URL record (recordType: "url", only when emitUrls: true)

{
"recordType": "url",
"url": "https://www.bbc.com/news/articles/c-12345",
"domainHost": "www.bbc.com",
"sitemapUrl": "https://www.bbc.com/sitemaps/news/sitemap.xml",
"lastmod": "2024-12-15",
"changefreq": "hourly",
"priority": 0.8,
"hreflang": [{"lang": "en-GB", "href": "https://www.bbc.com/news/articles/c-12345"}],
"scrapedAt": "2024-12-16T14:23:11+00:00"
}

Output fields

  • recordType"sitemap" for sitemap-file records (always emitted), or "url" for per-URL records (only when emitUrls: true).
  • url — absolute URL of the sitemap (or the URL referenced inside a sitemap, when recordType: "url").
  • domainHost — parsed hostname of url (handy for grouping records by site when ingesting from multiple runs).
  • type"sitemap" (a <urlset>), "sitemap_index" (a <sitemapindex> of child sitemaps), or "txt" (plain-text sitemap with one URL per line). Sitemap records only.
  • httpStatus — HTTP status code returned (200 = success). Sitemap records only.
  • contentTypeContent-Type header value (without charset). Sitemap records only.
  • byteCount — response body size in bytes. Sitemap records only.
  • urlCount — number of URL entries found inside the sitemap (or child sitemap links inside an index). Sitemap records only.
  • isCompressedtrue when the body is gzipped (e.g. .xml.gz paths). Sitemap records only.
  • lastmod — first <lastmod> value found in the sitemap, or the per-URL <lastmod> when recordType: "url".
  • discoveredVia"robots.txt", "common-path", or "sitemap-index" (parent index pointed here). Sitemap records only.
  • sitemapUrl — (URL records only) URL of the sitemap that contained this URL.
  • changefreq / priority / hreflang — (URL records only) standard sitemap fields when present.
  • scrapedAt — ISO-8601 timestamp of the discovery.

When to use this

  • Before crawling — feed the discovered sitemap URLs into a downstream crawler so you scrape only what's listed instead of guessing internal links.
  • SEO audits — confirm a site has a sitemap, that it points to the right pages, and that index files aren't broken.
  • Competitive research — measure how many URLs a site exposes, broken down by sitemap type (news / video / image / page).
  • Content migration — get a complete inventory of URLs declared by the source site.

FAQ

Does it need cookies, login, or a proxy? No. Sitemaps are public assets, designed to be machine-readable. The actor uses curl_cffi with a Chrome User-Agent and connects directly.

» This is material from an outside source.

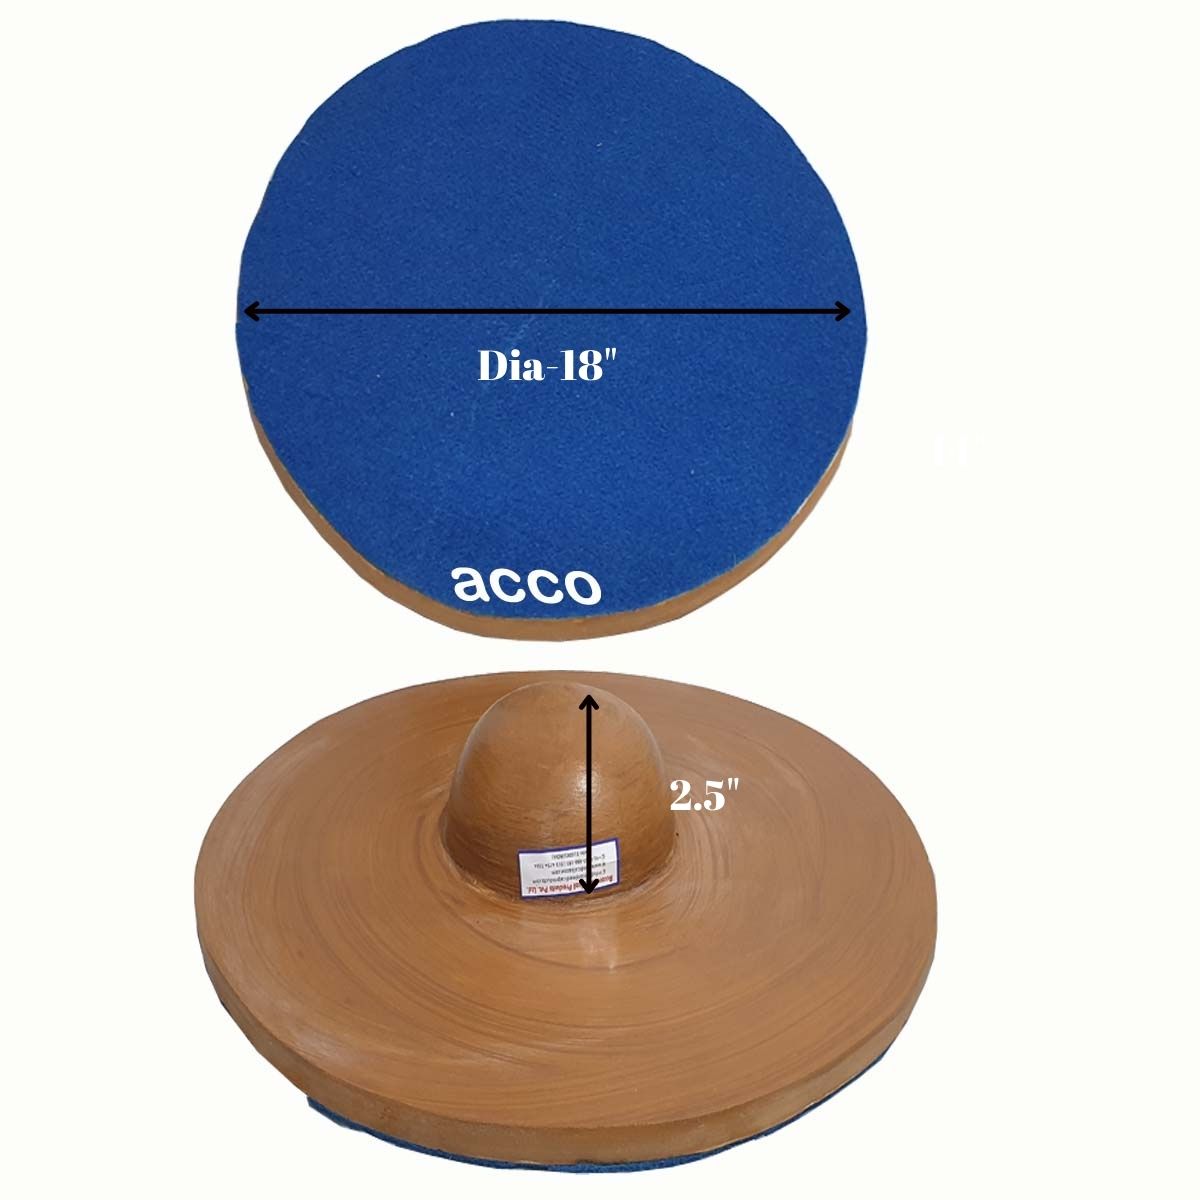 acco Wobble Board (Round, Wooden)

What if the site has no sitemap at all? The actor emits a single record {"type": "sitemap_sniffer_error", "reason": "no_sitemaps_found"} with a hint to check robots.txt manually. The run still completes successfully — empty datasets are not treated as failures.

Does it handle gzipped sitemaps? Yes. .xml.gz files are transparently decompressed in-memory before parsing.

How does it handle giant sites with thousands of sitemap files? maxSitemaps (default 50, max 1000) caps the run. The actor probes in priority order: robots.txt directives first, then the most common paths, then sitemap-index children. You'll get the most useful sitemaps first even if the cap stops the run early.

Can I get the URLs inside each sitemap? Yes — set emitUrls: true and the actor will also push one record per URL inside each discovered sitemap, with lastmod, changefreq, priority, and hreflang when present. maxUrls caps the total (default 10,000). Use recordType: "sitemap" vs recordType: "url" to disambiguate the two record shapes.

Is it safe to run on any website? Yes — the actor only fetches robots.txt and 16 well-known public paths. It makes at most ~17 requests on initial probe, plus one per sitemap-index child if followIndexes is enabled. No login pages, no admin paths, no API endpoints.